Natac, an AseBio member that is a key company in bioeconomics, focuses on extracting and isolating bioactive compounds from plants. “Tools like CRISPR and other highly precise plant-breeding techniques are going to revolutionize the sector over the coming decades. This technology opens the doors for producing certain plant metabolites much more efficiently and cost-effectively, which wouldn’t be possible otherwise,” explains the company’s US Director Noela González. This technology allows us to develop new applications for traditional crops, or new crops that give rise to activity with high value added and could put a region on the cutting edge of agriculture. “No doubt, it is a commitment to the future,” the expert adds.
Despite the evidence, governmental decisions remain at a standstill. Daniel Ramón Vidal, director of R&D at Biopolis, is very pessimistic about the possibility of changing the stance of the European Union (EU). “I know the EU’s track record and what happened with GMOs. In healthcare, there’s no debate when it comes to producing a drug, but here it’s an ideological issue. There’s a whole series of interests created by the stakeholders involved,” the expert laments.

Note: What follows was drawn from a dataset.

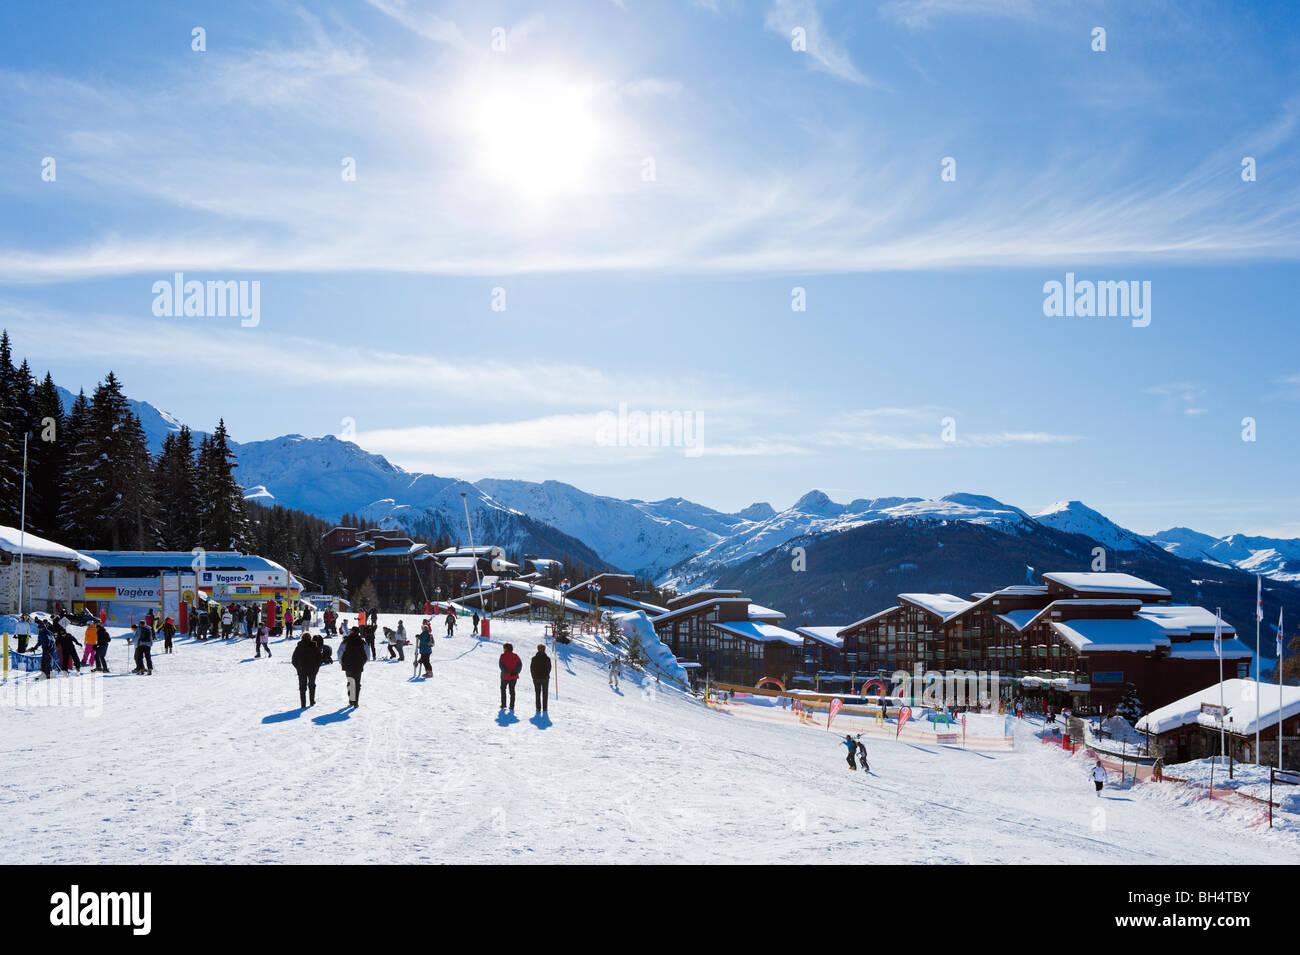 Fondo di piste nel centro del resort, Arc 1800, Les Arcs, Tarentaise, Savoie, Francia Immagini Stock

Biopolis doesn’t launch any CRISPR-based products to market. It is a tool that stays inside the laboratory walls, used to test the mechanism of action for their probiotics and the molecule responsible for that process. “We want to learn more about what we sell and sell things with a very solid scientific base. I’m convinced that CRISPR is going to be an essential tool in any research laboratory. The problem, though, is commercial application. The EU has made its decision and there’s very little we can do about it,” he insists.
Noela González also believes it would be a mistake for the European Union to put up insurmountable barriers to this type of technology, “which is clearly unstoppable and has great potential.” Plus, this technology yields products that are hard to differentiate from those created with traditional technology. “So, it will be difficult to draw effective lines to keep out products that have been created with this technology in other countries, which means Europe would be left behind,” warns the US Director of Natac.
Borreani believes that, to avoid this, the key is to share and raise awareness, which is what was missing in the past with GMOs, in his mind. “When they understand the benefits a new technology can have, people accept it more easily.” Communication is the big opportunity we have today to show the benefits of these types of technology and it is clear that there is a lot left to explain. When you ask people “What is CRISPR?”, many still don’t know what to say. “Most people don’t know what it is or what it’s for,” adds Mulet, also known for his work in scientific dissemination. In short, alongside generating knowledge, the most essential element is for legal regulations to be on our side because, all the experts we spoke with agreed, CRISPR is the future. “While the rest of the world is researching, we’re debating. We have to get going now,” the researcher concludes.